Things a person might be hesitant to share on a public blog: experience with mental illness, parenting failures, glimpses of grief. And almost crapping your pants. I might as well go for broke, since I'm putting it all out there.
So, this morning I ran the St. Leo's 5k. I was already feeling a little wussy because I chose not to run the 10k, but I thought it would be a good opportunity to work on my speed. The course was pretty easy - a few little hills, lots of downhills and flat sections. And it was incredibly beautiful this morning, really a perfect day for a run.
I opted out of the pre-race carbo loading dinner last night and went for fish tacos. Fish tacos. With lots of salsa. The hot kind. And beans. And cheese. Fish freaking tacos. I am an idiot.
I'll spare the details, but somewhere along mile 2 my gut is cramping up so bad, I'm afraid I'm going to be like one of those hardcore runners you see crossing the finish line wearing brown shorts. Except if that happened to me, I'd never cross the finish line because I would be hiding in the bushes until nightfall. I'd probably fall asleep and then some poor guy taking the trash out in the morning in this very chi chi neighborhood would find me curled up asleep in the hydrangeas. "Bitsy, darling! There's a poorly dressed woman in our bushes! I do believe she's pooped herself!"
We'd have to move.

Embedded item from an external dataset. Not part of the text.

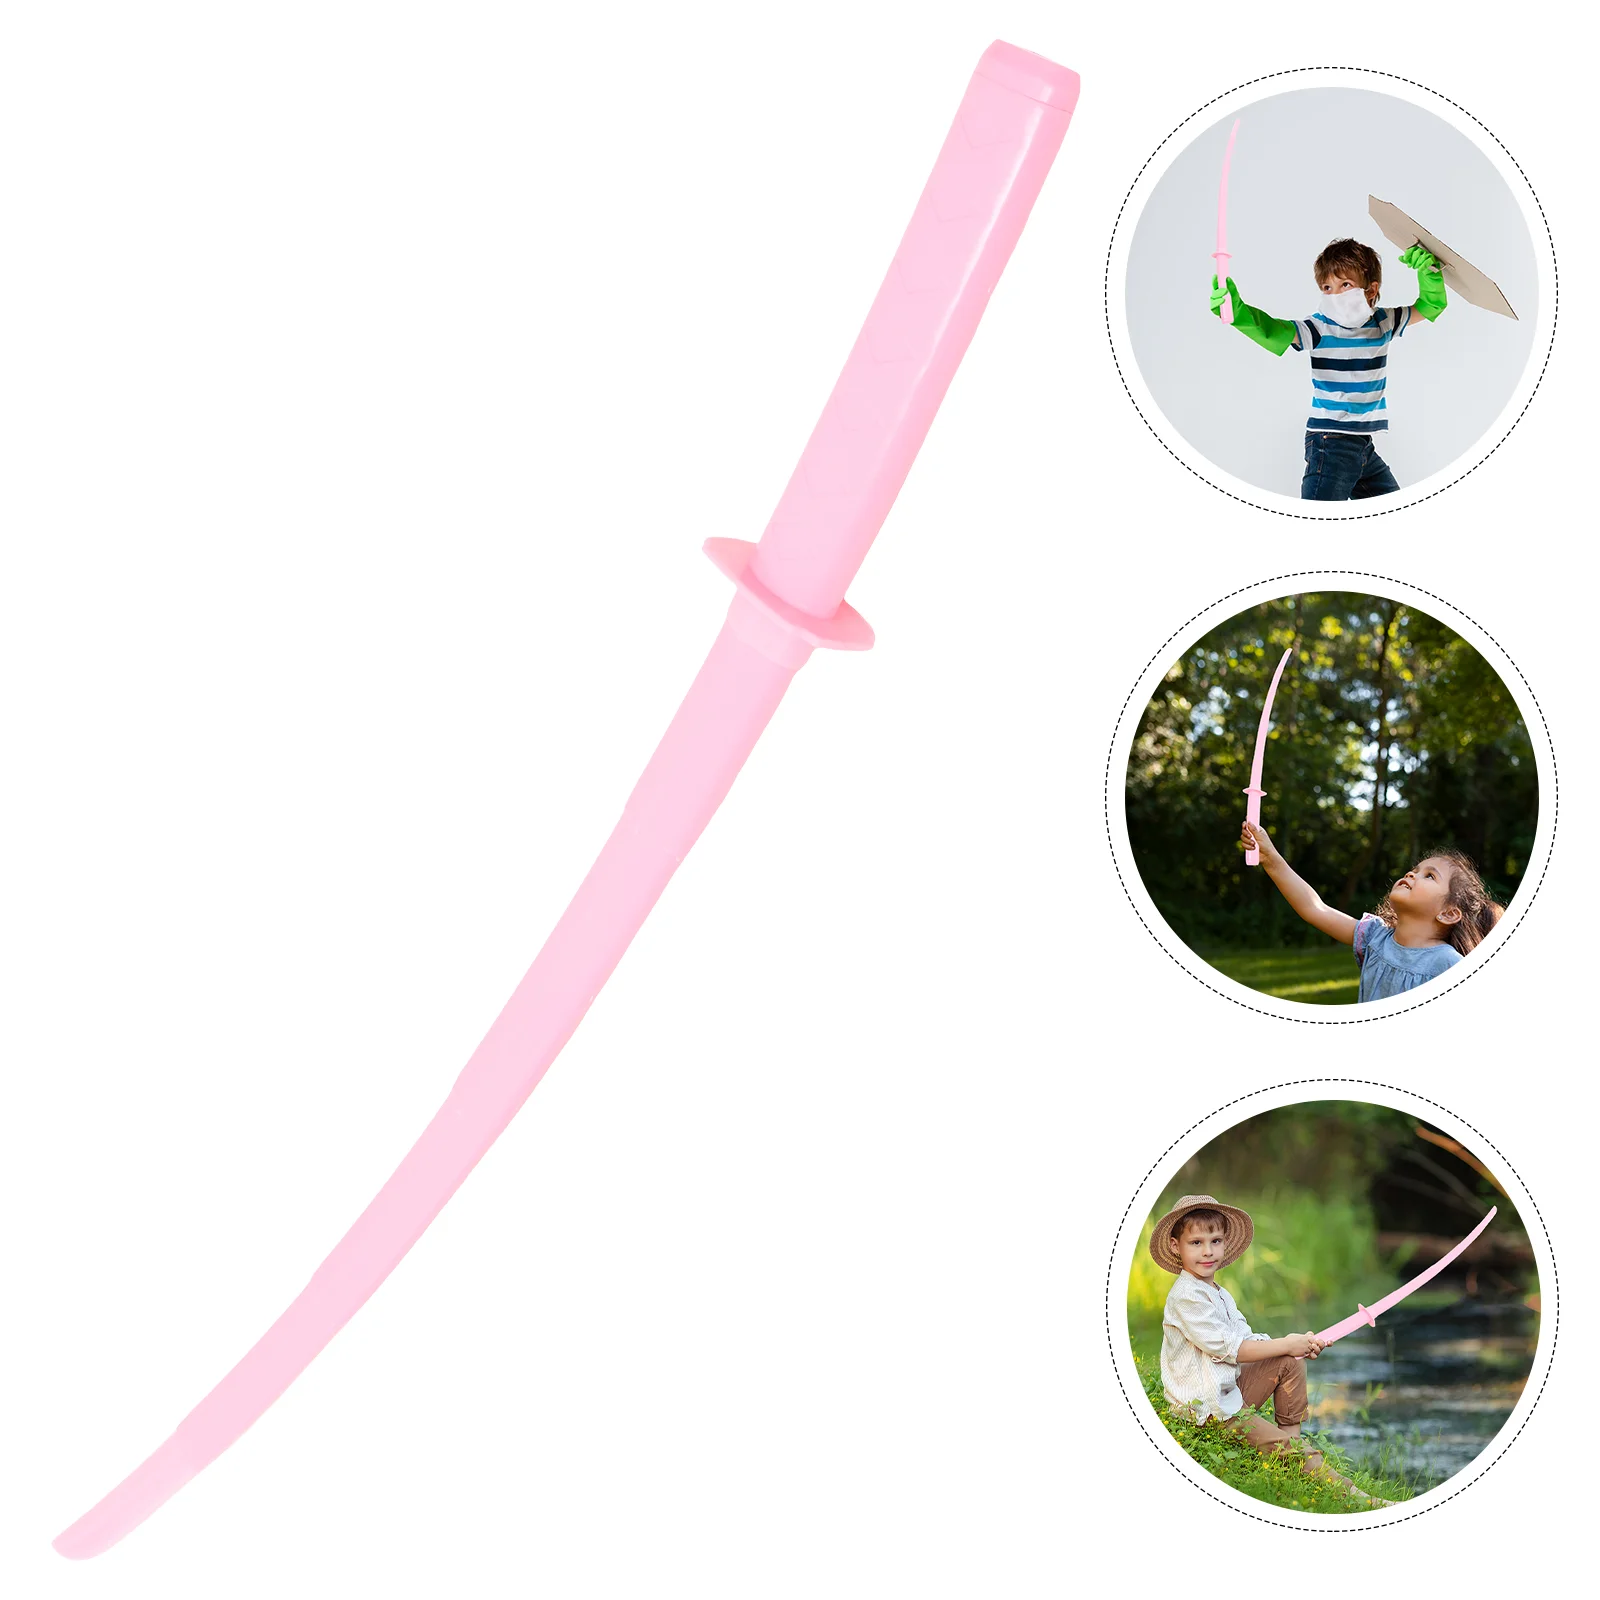 

Retractable Exercise Fencing Performance Prop Kids Toys Training Swords Cosplay Halloween
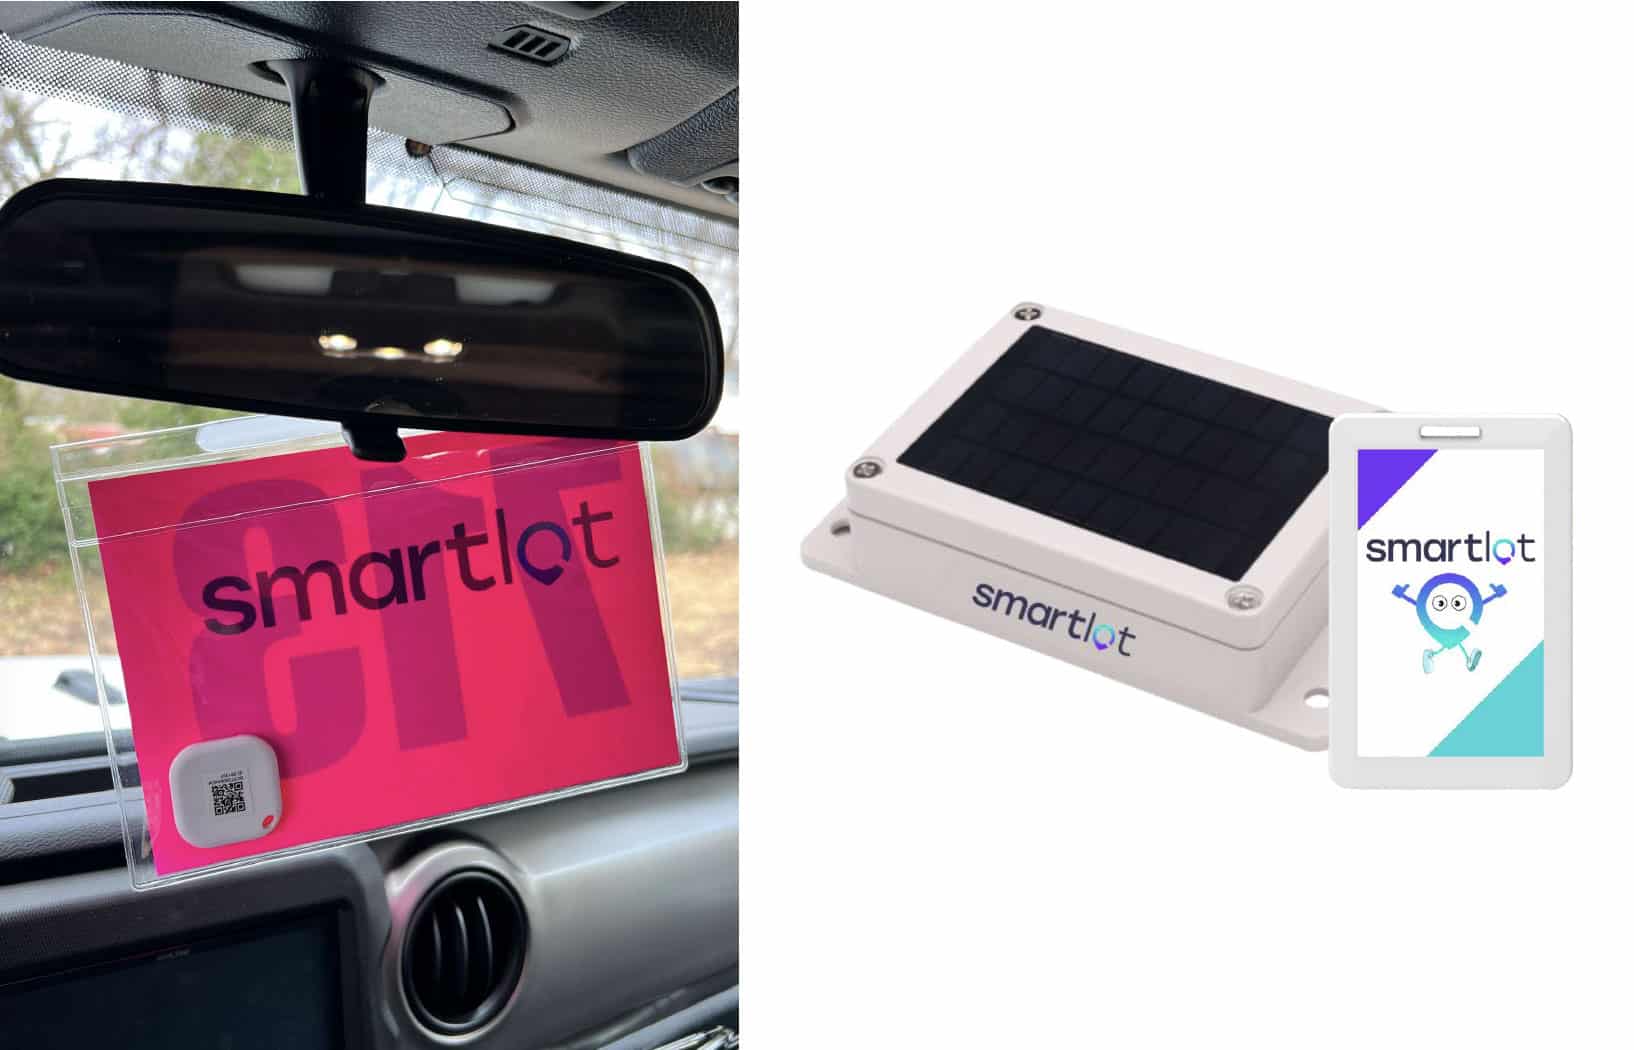 On the left, a plastic sleeve saying “Smart Lot” hangs from a car with a small, white smart tag sensor in the sleeve. On the right is the Smart Lot sensor that looks like a handheld rectangular box with the “Smart Lot” logo on the rim

Probably out of state.
So, I'm running along, gut cramping, butt cheeks squeezing, planning our move, when a girl 10 yards in front of me leans over and barfs all over the road.Now, I am not known for my cat-like reflexes, but I did some high stepping moves that would have made a Rockette proud. While continuing to run and clench. It was impressive. And I'm thinking -ha! At least I didn't vomit!
And then she passed me, going really really fast. In fact, she smoked me. I ended up finishing much slower than I had hoped, but with my dignity intact. Until I ran home and wrote a blog post about it.